(Records from a data source)

▶

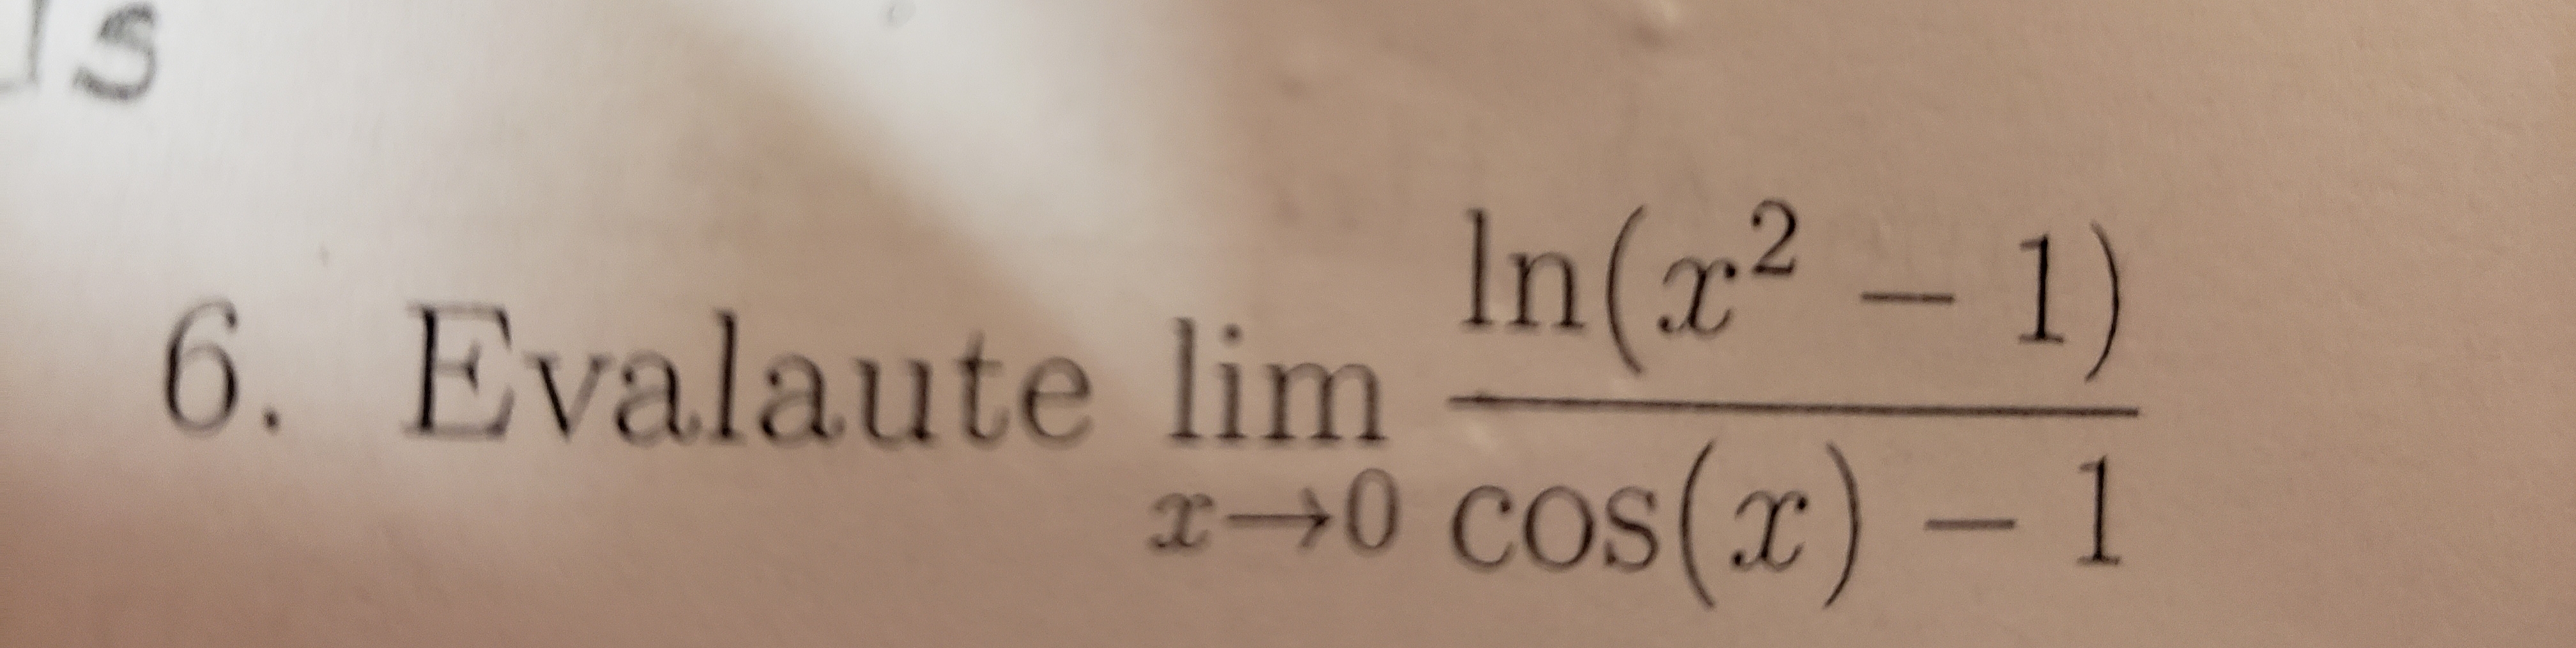 IS
In(x² – 1)
6. Evalaute lim
x→0 cos(x) - 1
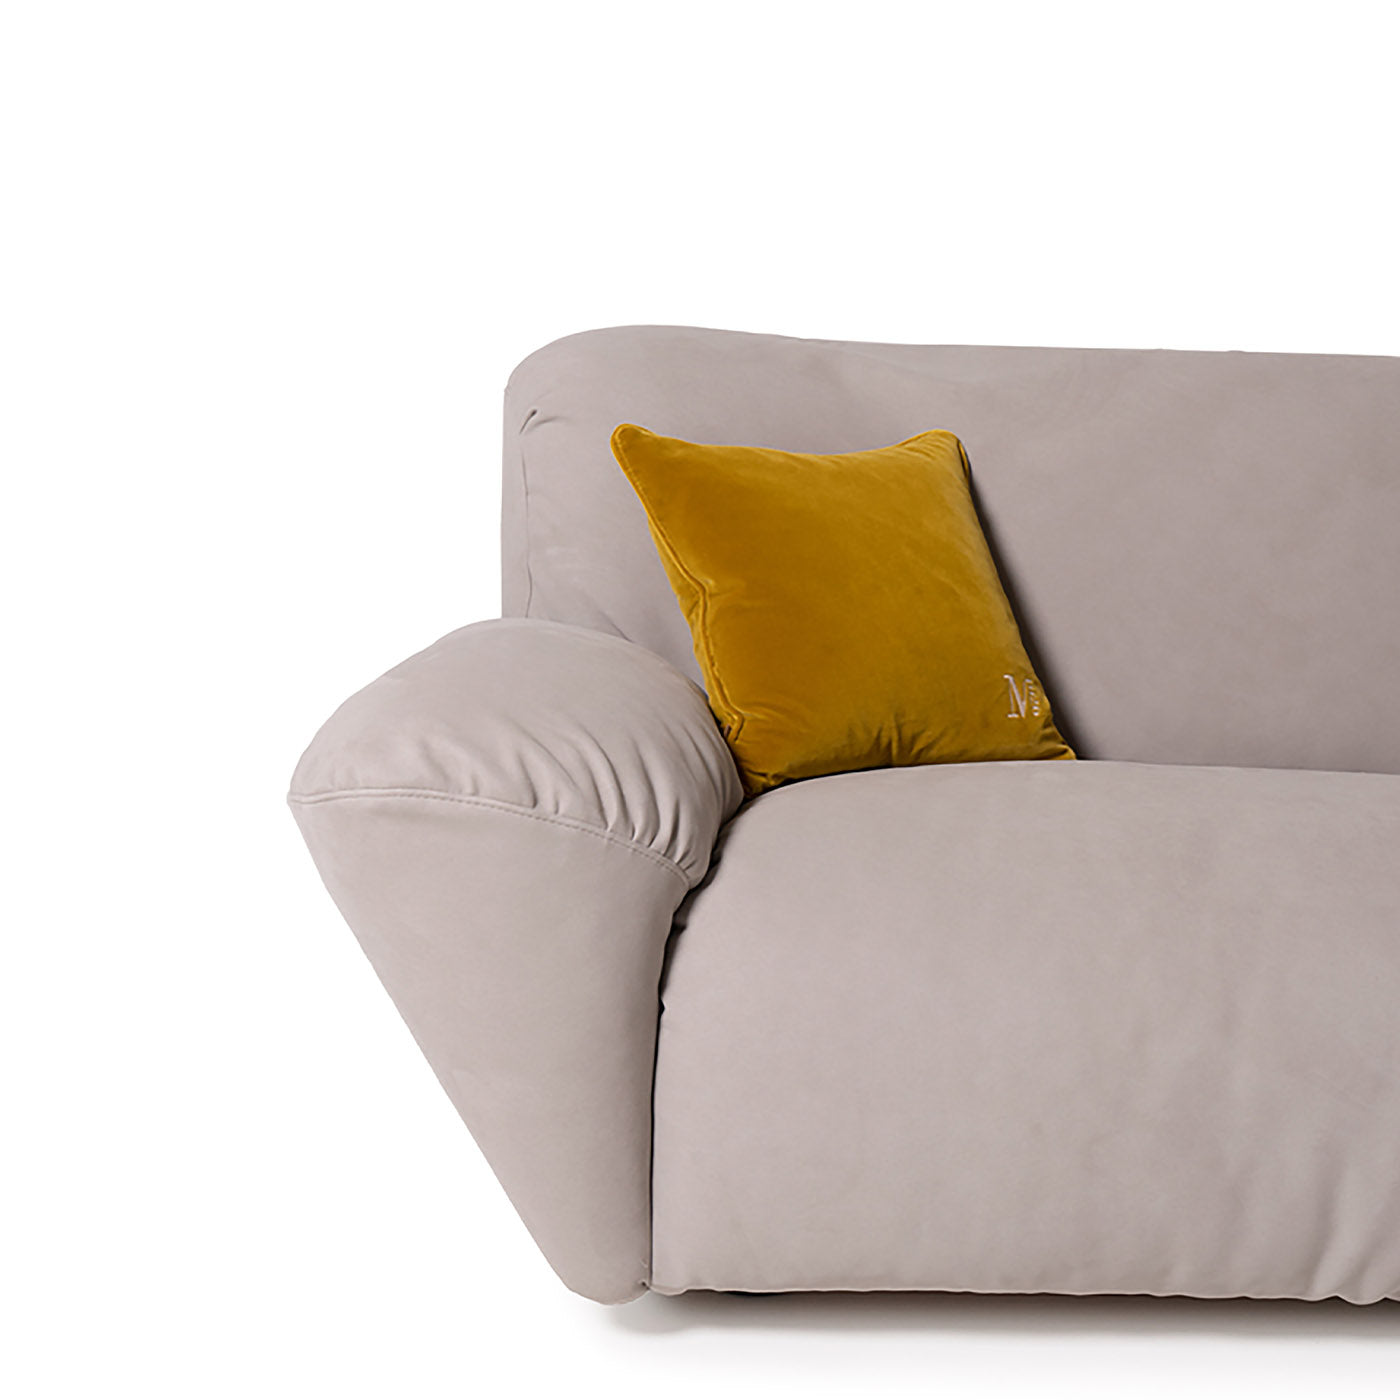 Beluga 2-sitziges midi-sofa von Marco und Giulio Mantellassi - Alternative Ansicht 2

◀

Retype the data in full. Images do not go in the copy.

### EXERCISE ANSWER
 IS
In(x² – 1)
6. Evalaute lim
x→0 cos(x) - 1
 Beluga 2-sitziges midi-sofa von Marco und Giulio Mantellassi - Alternative Ansicht 2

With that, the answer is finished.